While the area always has been upscale with its time-honored steeplechases and sprawling estates, much of the property was out of reach for most homebuyers. But as parcels of land have gone on the market, developers are subdividing them and spreading the affluence.

In the last few years, real estate agents say, the area has become a top choice among the region's wealthy who are looking for land and luxury surrounded by oodles of privacy. And many are willing to pay almost any price for it.

"We've got $800,000 houses going up for sale in that area now that are being snatched up in less than a week," says

Diane Marsiglia, an agent with Gilbert D. Marsiglia & Co. Inc., a Lutherville realty group that opened up a satellite office in Hunt Valley three years ago because of the growing demand for luxury homes.

"You can't be making $50,000 a year and expect to live out here," says Marsiglia after showing a four-bedroom, custom-built house with adjoining in-law quarters in Phoenix.

It is no surprise then that the area has attracted business executives like Harry G. Pappas Jr., the co-owner of Krispy Kreme franchises, and Peter G. Angelos, owner of the Orioles, who recently bought Ross Valley Farms near Hereford. They join such well-known personalities in the area as ABC sports announcer Jim McKay and former Oriole Mike Flanagan.

And more wealth is on the way.

A community under construction surrounding the new Hayfields Golf Club boasts "exclusive home sites" that go for at least $250,000, with homes constructed on those lots starting at another $500,000, agents said.

The Preserve in Hunt Valley is building 41 estates, named after historical figures such as Martha Washington and ranging in price from $475,000 to $900,000.

This fall, developer Gaylord Brooks will begin building 29 homes, costing $450,000 and up, in Phoenix.

"The typical client wants a house with a library, a gourmet kitchen and oh, if you can, `I'd like one with a three-car garage, too,' " says Virginia Walten, a real estate agent with Coldwell Banker Grempler Realty Inc. "The typical attitude is `We want to be one room bigger than the neighbor.' You don't have to sell this area, it sells itself nowadays."

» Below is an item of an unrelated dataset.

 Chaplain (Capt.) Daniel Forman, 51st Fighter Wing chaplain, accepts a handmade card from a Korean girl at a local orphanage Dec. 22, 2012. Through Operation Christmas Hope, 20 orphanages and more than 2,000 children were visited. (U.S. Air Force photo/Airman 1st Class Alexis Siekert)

Then there are the eye-poppers.

In March, a five-bedroom colonial in Sparks sold for $1.4 million and a seven-bedroom farmhouse nearby sold for almost $1.7 million. Both were on the market less than a year.

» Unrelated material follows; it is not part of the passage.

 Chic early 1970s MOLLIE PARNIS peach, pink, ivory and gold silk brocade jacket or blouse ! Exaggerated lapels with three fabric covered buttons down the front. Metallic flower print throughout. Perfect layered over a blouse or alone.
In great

But sales are also brisk for the area's "lower-end homes" in the $200,000 to $300,000 price range.

Embracing all this new luxury with open arms are business owners from Hunt Valley to Hereford.

Several businesses have upgraded their merchandise to keep pace with the tastes of people who have money to spend. Take Price's antique and convenience store on York Road in Sparks.

"It used to be you could buy milk and eggs here," says Nicholas Price, whose grandfather opened the store in 1906. "Now you can buy milk, eggs and a good bottle of Scotch for 40 bucks."

Residents shop at the "Gucci" Giant at Shawan and York roads, or for that country market feel, Graul's Supermarket in Hereford offers a barn motif.

Those looking to travel in style can shop at the Hunt Valley Saab, which opened two weeks ago and joined a plethora of other upscale dealerships within a two-mile stretch of York Road that includes Jaguar, Mercedes and BMW.